Share a "hot take" about the book world, an opinion of yours that might be unpopular but is a hill you're willing to die on (at least for now).
A couple weeks ago, I took a nice, long train trip in two legs—New York to Chicago, then Chicago to Minneapolis. I must admit, one of my "happy places" in life is an Amtrak observation car where I can devour a good book while sipping snack bar chardonnay and munching on Skittles. (Underrated pairing, but I'm getting off the subject.) I'd packed a healthy stack of books for the journey, and as the trip wound down I was pleased to discover that the last of these books was a cool 252 pages. I had just enough time to breeze through it before I disembarked.Which brings me to my "hot take," one that might draw the ire of writers and readers alike: most books are too long. Okay, allow me to clarify, because I don't think this is exclusive to the publishing world. I actually think most things are too long: movies, plays, podcast episodes, a limited mystery series where you have to make it through eight episodes to confirm the solution you'd figured out by the end of the pilot (not naming names), and the list goes on.
Am I just telling on myself, using this blog post to publicly admit that my attention span is shrinking along with the rest of the world's? Maybe. I see the danger in making everything bite-sized, turning works of art into consumable content designed for an increasingly impatient populous. So, I'm balancing my appeal for brevity with an acknowledgment that books are a valuable antidote to the culture of instant gratification and dopamine addiction.
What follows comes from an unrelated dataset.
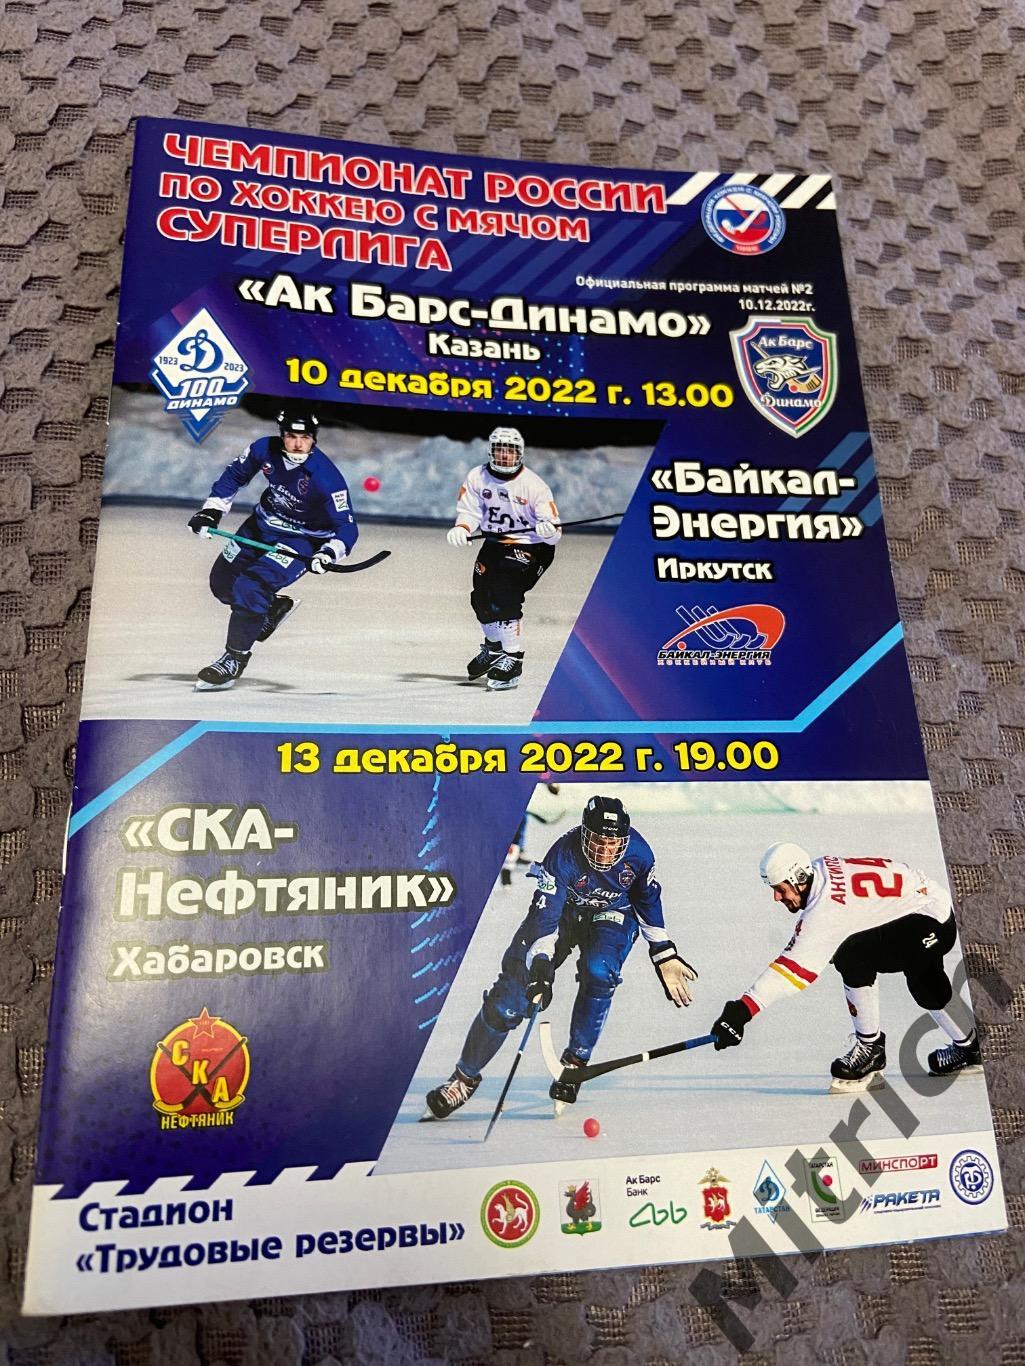 Ак Барс-Динамо Казань - СКА-Нефтяник Хабаровск, Байкал-Энергия Иркутск 2022/2023

But I think they could still serve that purpose if they were 10-15% shorter.
(Side note about a side quest...I was recently hired to write the screenplay for a "vertical mini drama," which is essentially a soap opera designed to watch on a phone screen in 60-second increments. That means a cliffhanger every minute! This is, arguably, too short. Let it be known that I'm not arguing that things be taken to that extreme!)
I know it would be easy to blame the authors for this. After all, we're the ones putting all those words on the page. But there seems to be an expectation (explicit of implicit) that anything less than 70,000 words isn't quite a "real book," that if the page count is under 300 most readers will be loath to pay full price. I know I'm speaking in broad generalities, and we could list exceptions to these rules all day. But suffice it to say, this isn't (simply) an issue of writers being long-winded or indulgent. It's all tied up with commerce, and I think that's a shame.
I should specify here that I primarily read mysteries and thrillers, as I think is true for a lot of us. My partner's fantasy and sci-fi collection strikes fear into my heart, just based on the width of the spines lining our bookshelves. Crime novels tend to be shorter, anyway, since there's a puzzle, a problem, or a paranoia that needs to power the narrative. (And cozies, as I know well, are allowed to be shorter, still.) But, I would argue, the unique expectations of this genre gives us all the more reason to embrace the thin volume!
Some stories—many, I would argue—don't need to be that long. I often find my attention flagging about fifty paged from the end of a book. Yes, I rally myself to forge ahead, but I have a sneaking suspicion that the premise or hook in the early chapters had just enough juice to keep me interested for a certain number of words/pages/hours. And often, I can feel that juice run out. In these moments, I find myself wondering if it was the author's choice to stretch a story concept beyond its natural capacity or if they felt pressured to do so by readers, editors, agents, etc.
Or, as is certainly possible, I may just be wrong. I may be alone in feeling like most books would be stronger if they were fifty pages shorter. I may be in the market for a good novella. And—most frightening of all—I may be guilty of this myself with my current work in progress.
That 252-page mystery that capped off my trip was exactly the right length, and I was grateful for that. Other books, of course, take longer to do justice to their stories. Hot takes aside, my sincere wish is that my fellow writers feel free to keep it brief, if that's what the story requires.